• Dataset content:
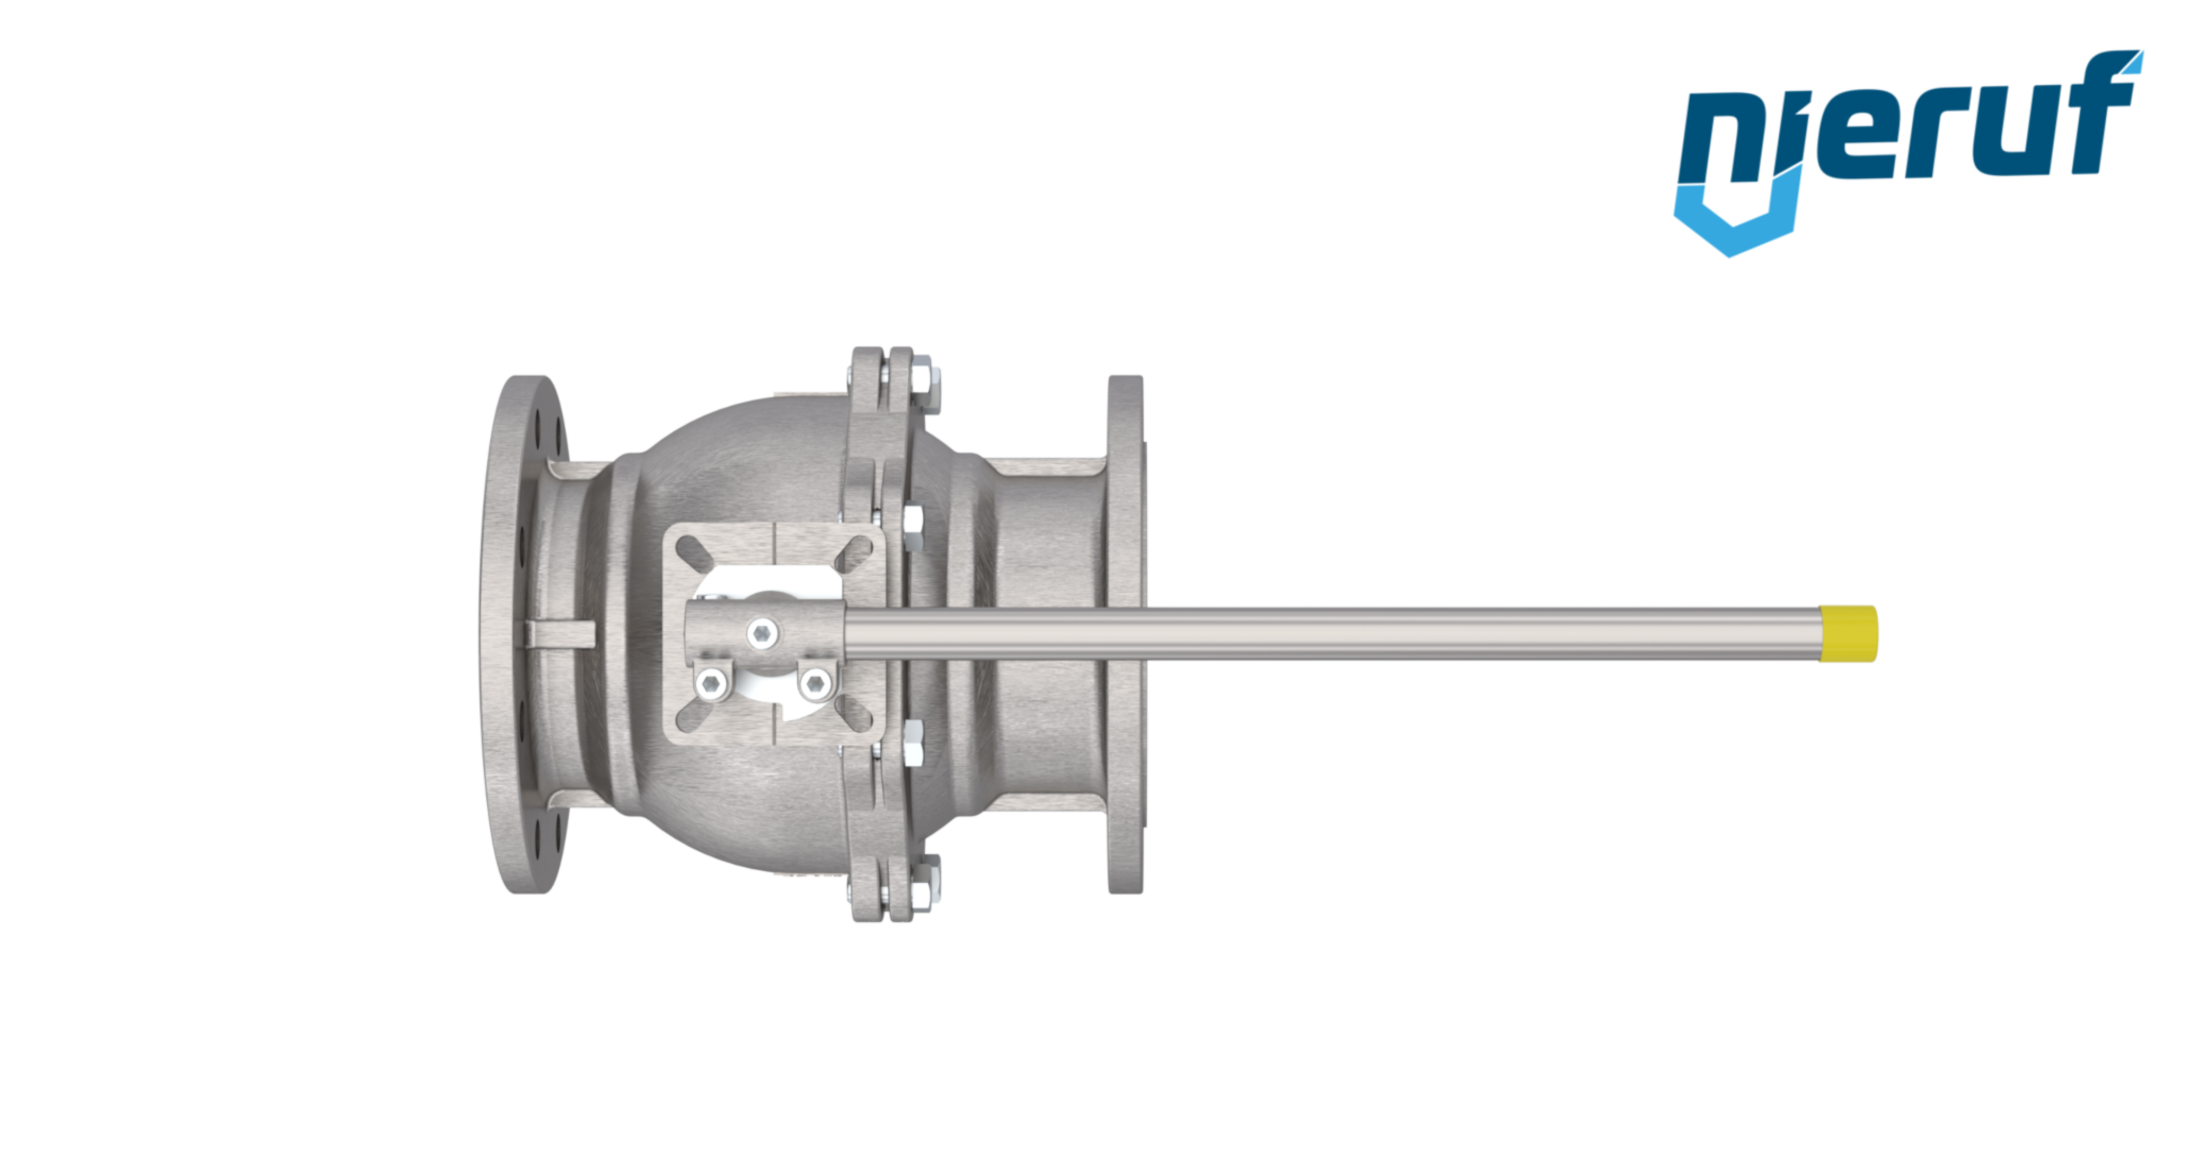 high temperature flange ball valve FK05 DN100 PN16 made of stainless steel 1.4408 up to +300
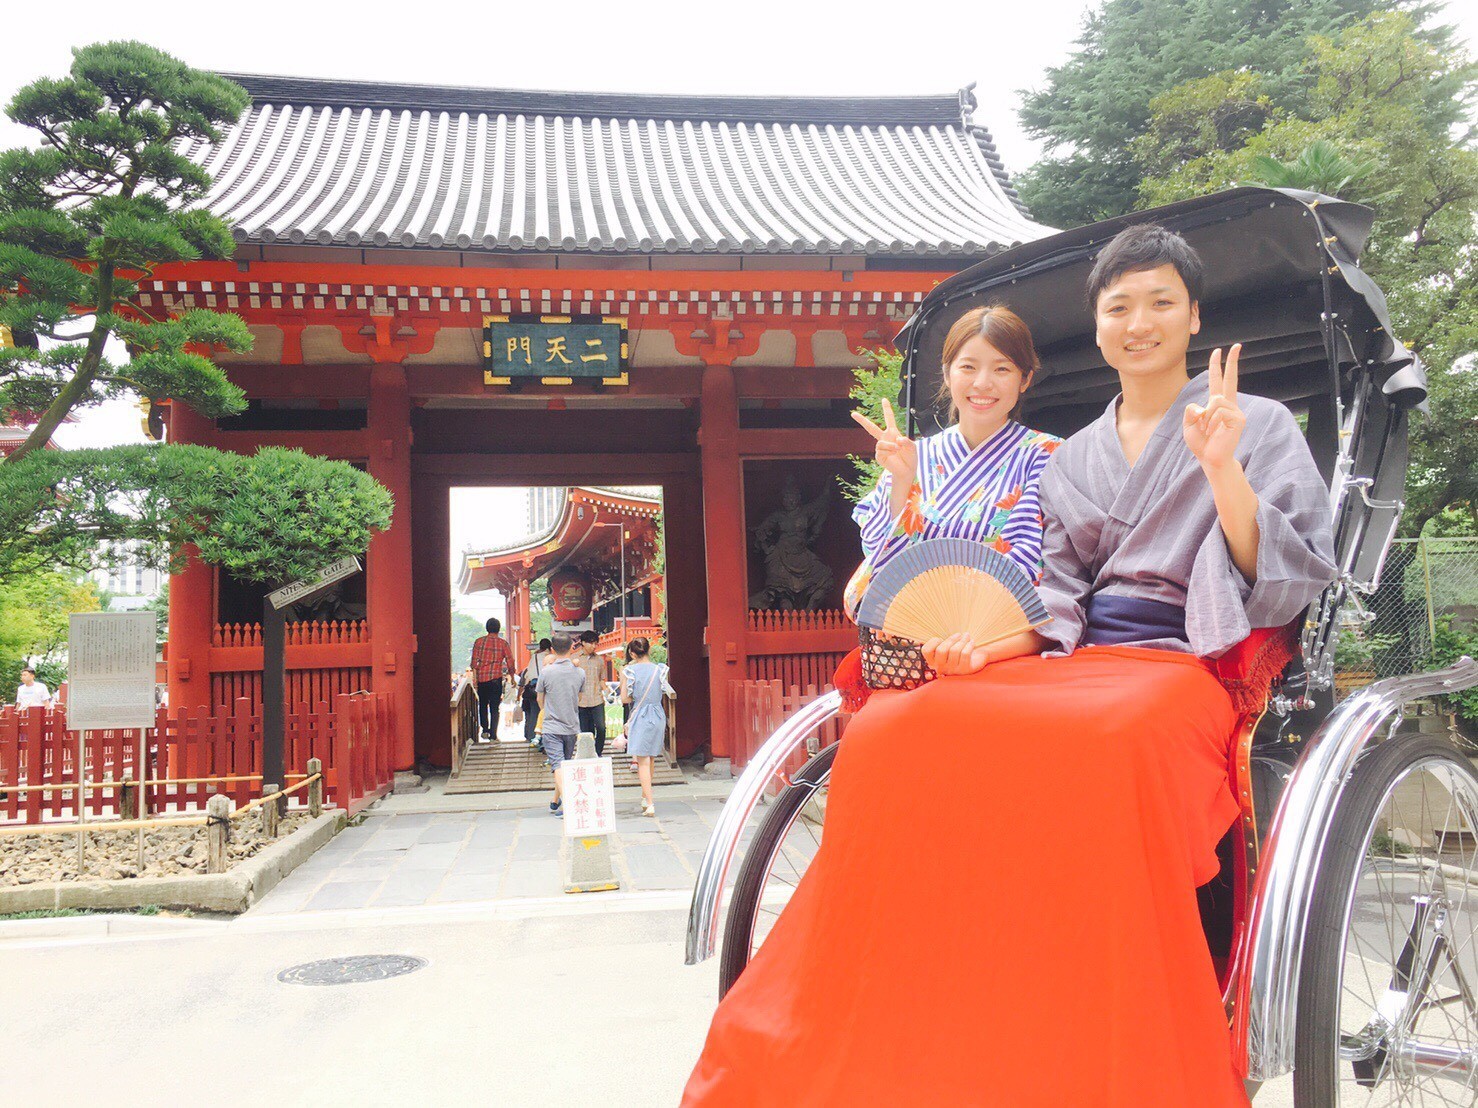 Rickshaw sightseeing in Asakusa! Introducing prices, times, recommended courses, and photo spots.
* * *
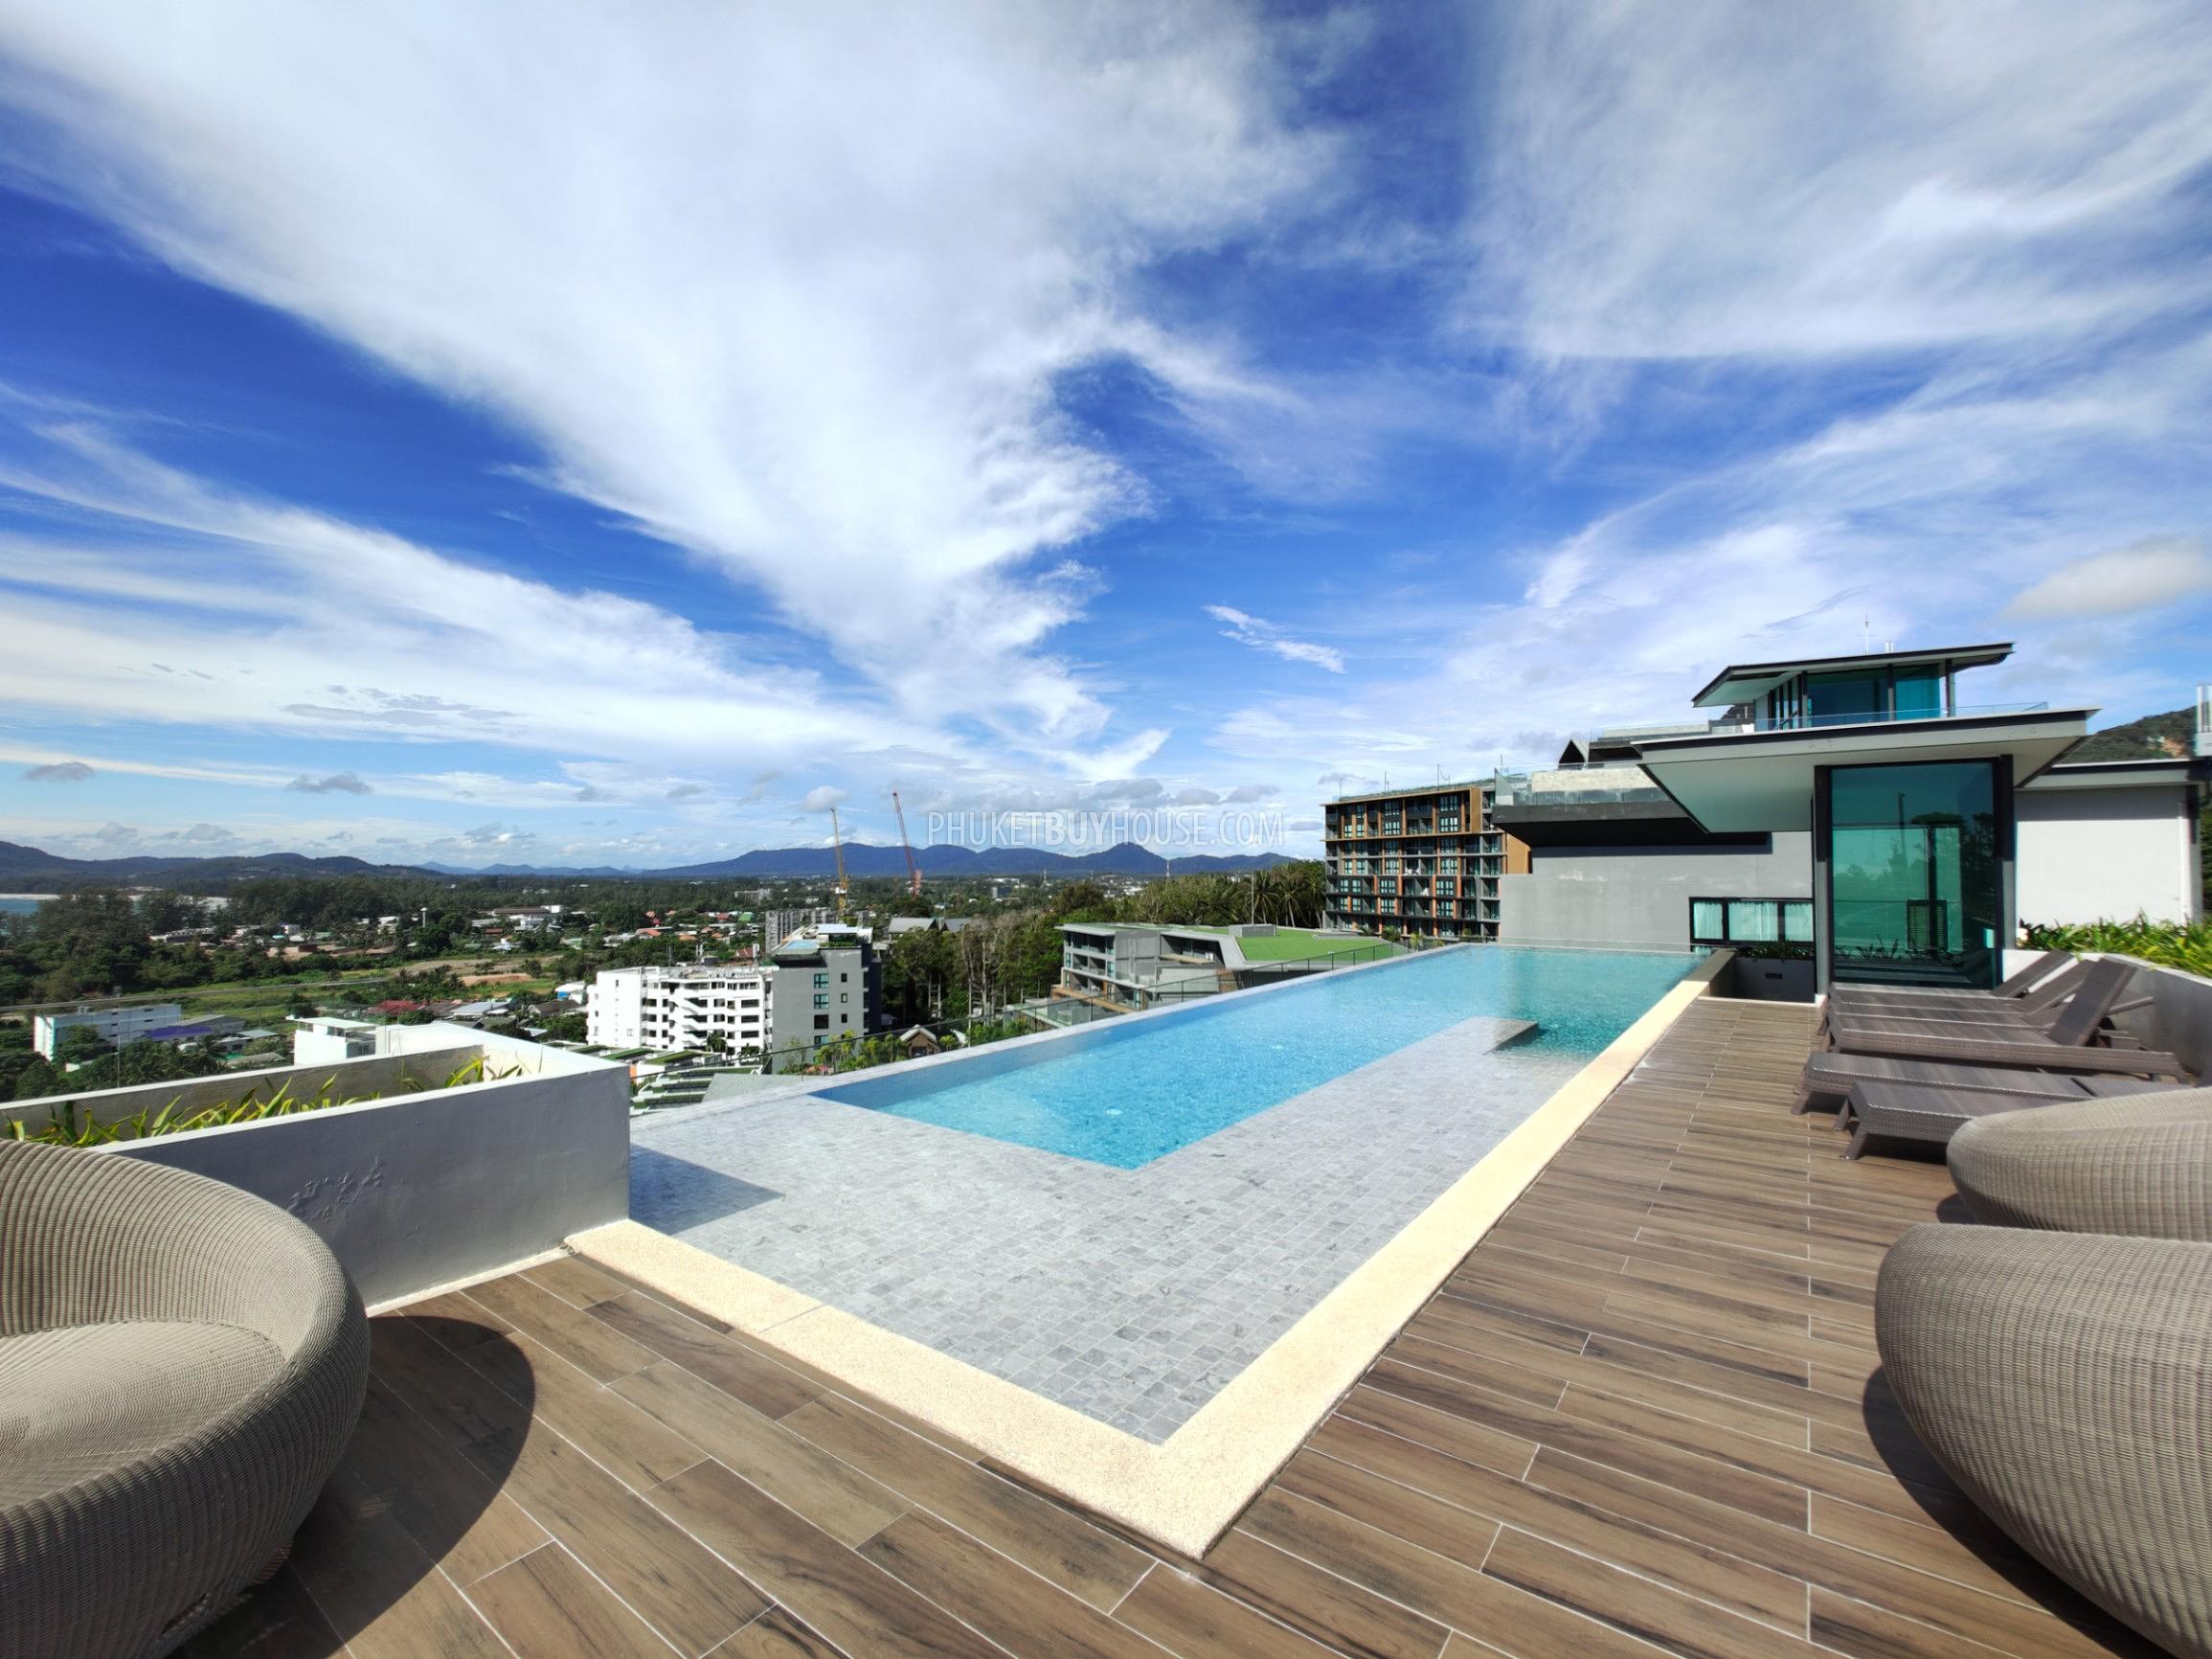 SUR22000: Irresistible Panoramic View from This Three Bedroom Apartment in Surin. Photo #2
---
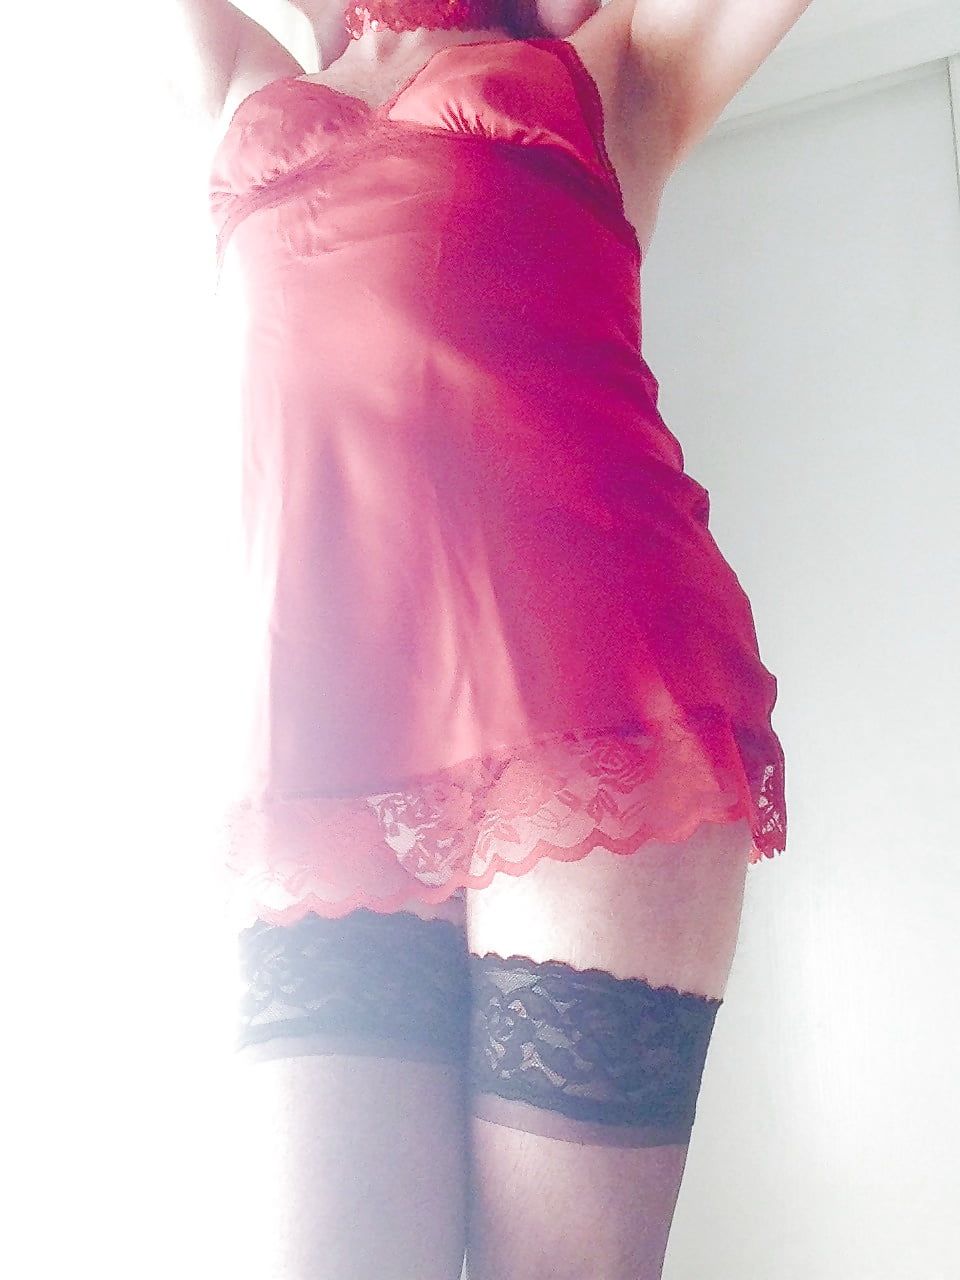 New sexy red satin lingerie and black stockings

• Your task: Within the listing above, print exactly the stretch beginning at the line that contains "high temperature flange" and finishing at the line that contains "Rickshaw sightseeing in", ends kept, pictures left out, and nothing more.

• The completed task:
 high temperature flange ball valve FK05 DN100 PN16 made of stainless steel 1.4408 up to +300
 Rickshaw sightseeing in Asakusa! Introducing prices, times, recommended courses, and photo spots.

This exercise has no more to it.